Nonlinear evolution equations are crucial for understanding the phenomena in science and technology. One such equation with periodic solutions that has applications in various fields of physics is the Korteweg‐de Vries (KdV) equation. In the present work, we are concerned with the implementation of a newly defined quintic B‐spline basis function in the differential quadrature method for solving the Korteweg‐de Vries (KdV) equation. The results are presented using four experiments involving a single soliton and the interaction of solitons. The accuracy and efficiency of the method are presented by computing the L2 and L∞ norms along with the conservational quantities in the forms of tables. The results show that the proposed scheme not only gives acceptable results but also consumes less time, as shown by the CPU for the elapsed time in two examples.
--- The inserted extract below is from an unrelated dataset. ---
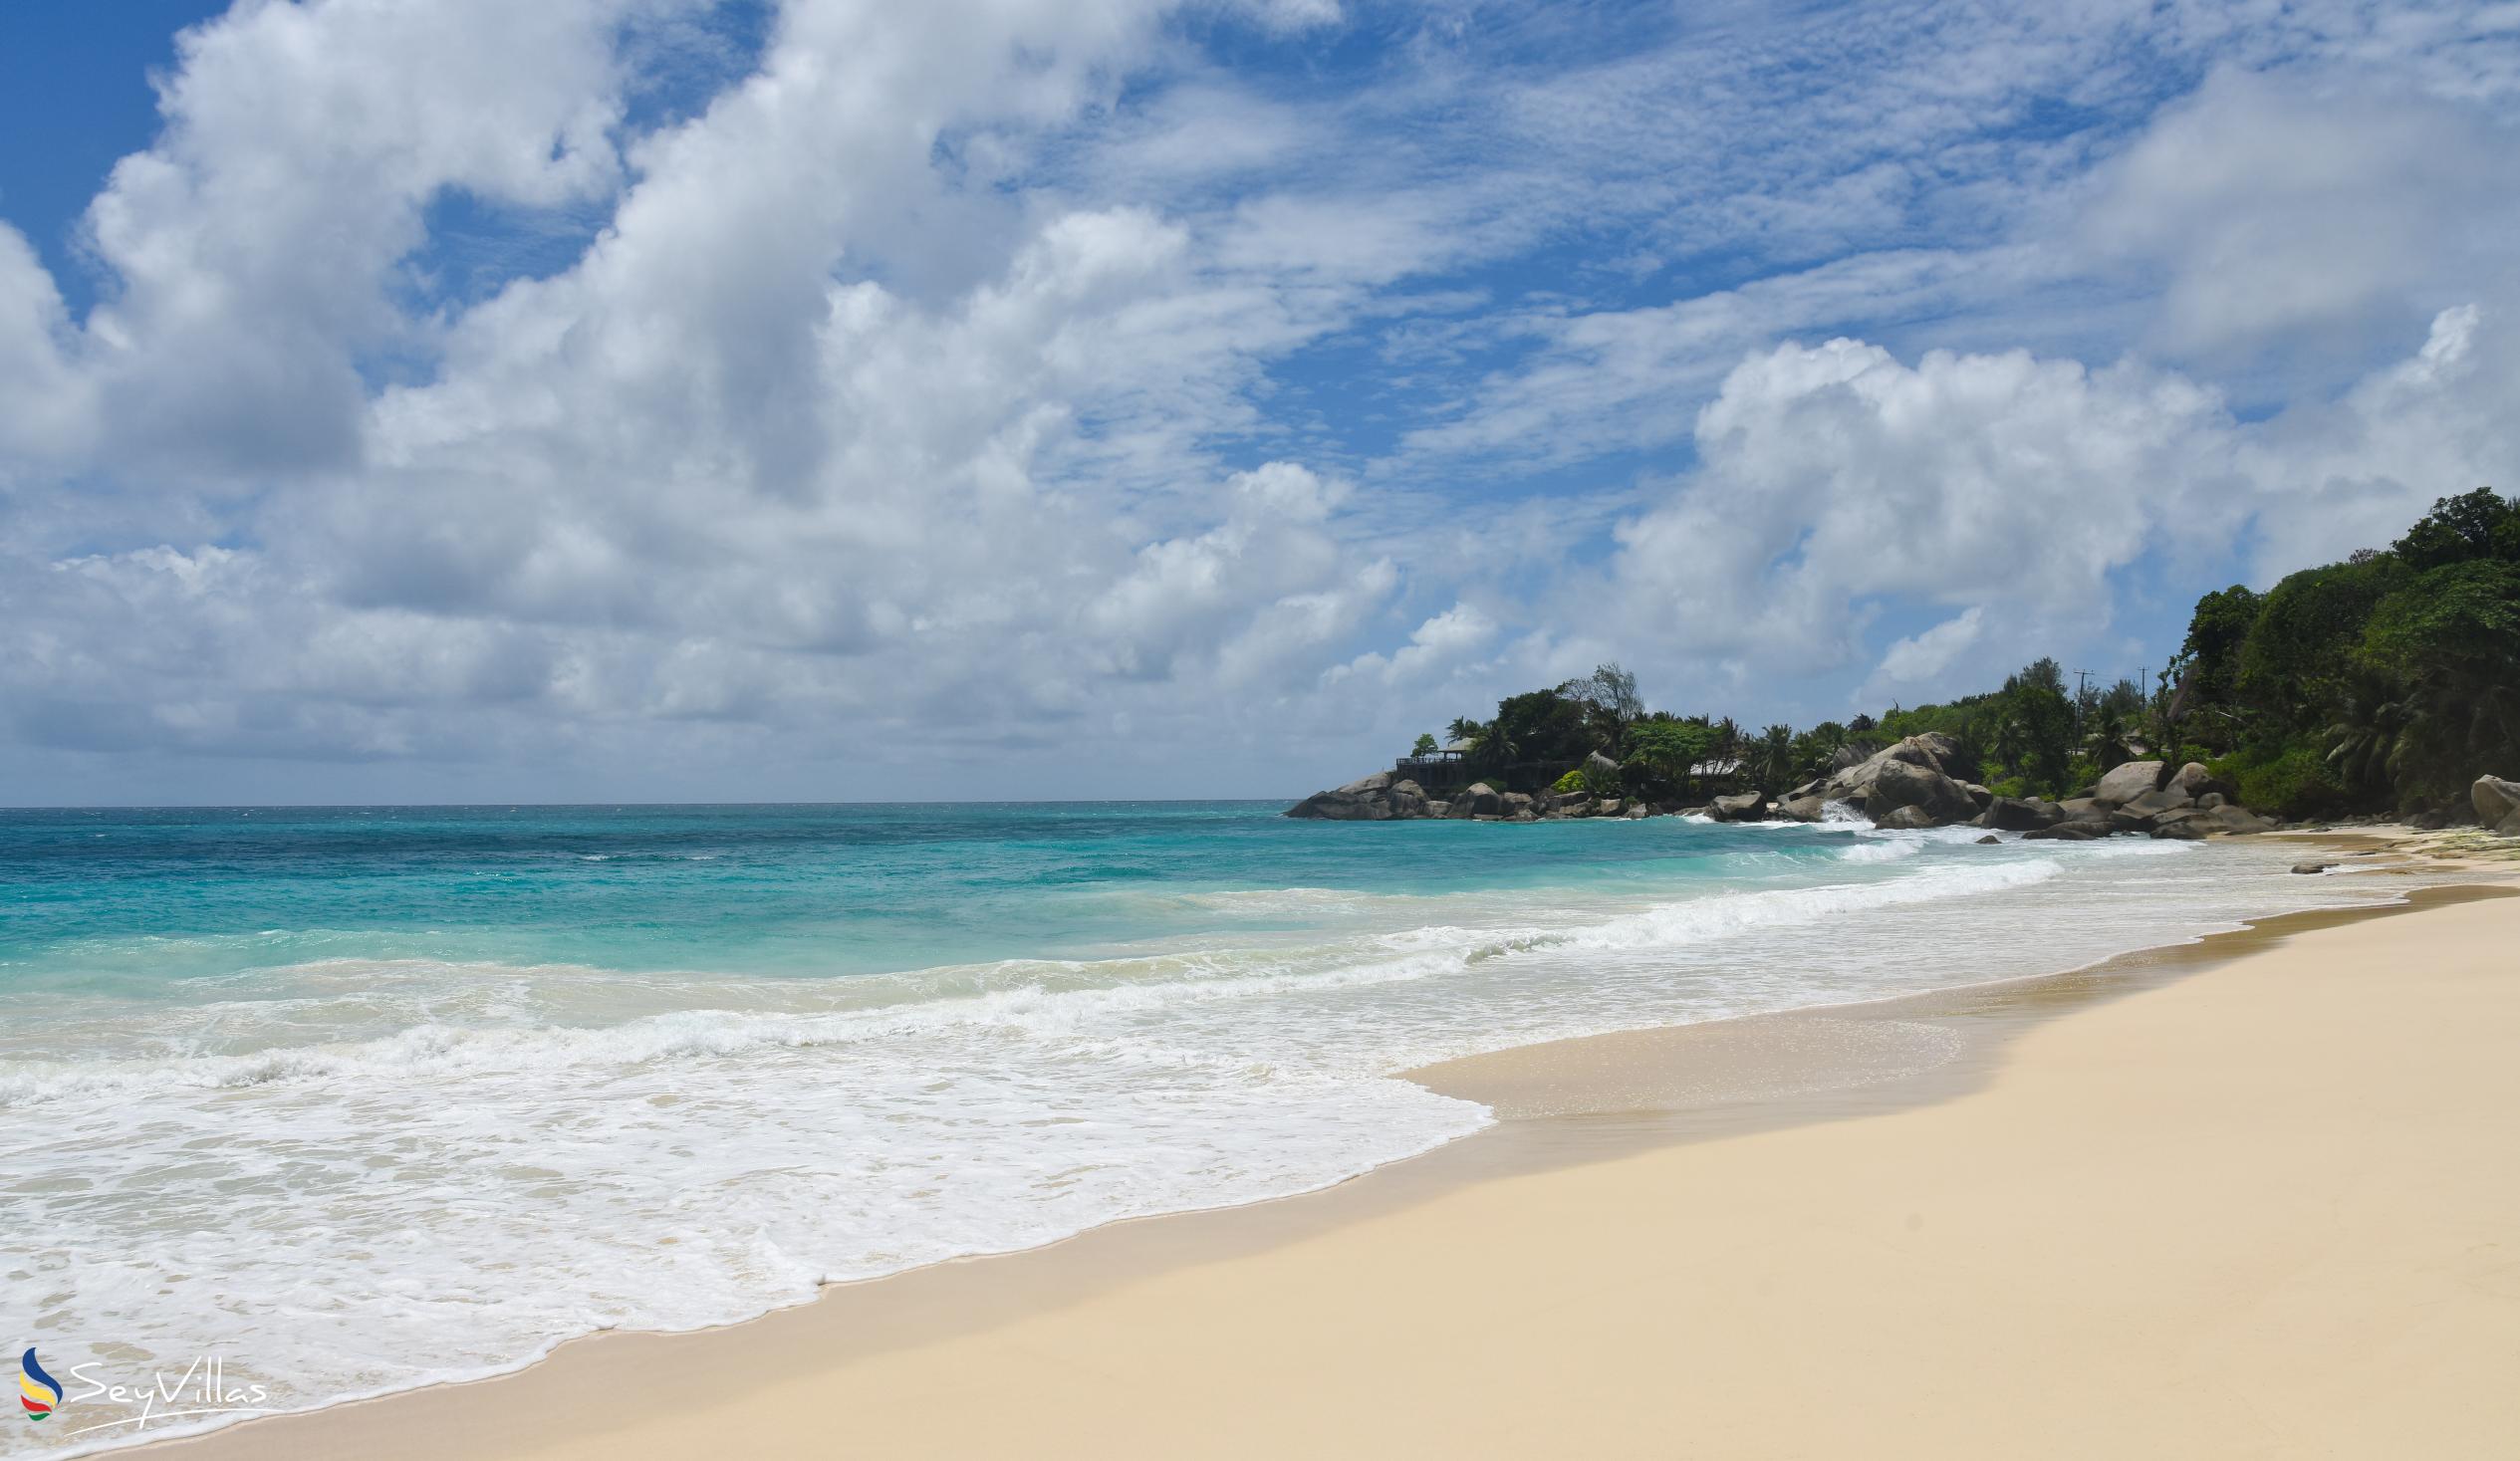 Photo 8: Carana Beach - Mahé (Seychelles)

The graphical representations of the obtained numerical solutions are compared with the exact solution to discuss the nature of solitons and their interactions for more than one soliton.

Suggested Citation

  • Shubham Mishra & Geeta Arora & Homan Emadifar & Soubhagya Kumar Sahoo & Afshin Ghanizadeh, 2022. "Differential Quadrature Method to Examine the Dynamical Behavior of Soliton Solutions to the Korteweg‐de Vries Equation," Advances in Mathematical Physics, John Wiley & Sons, vol. 2022(1).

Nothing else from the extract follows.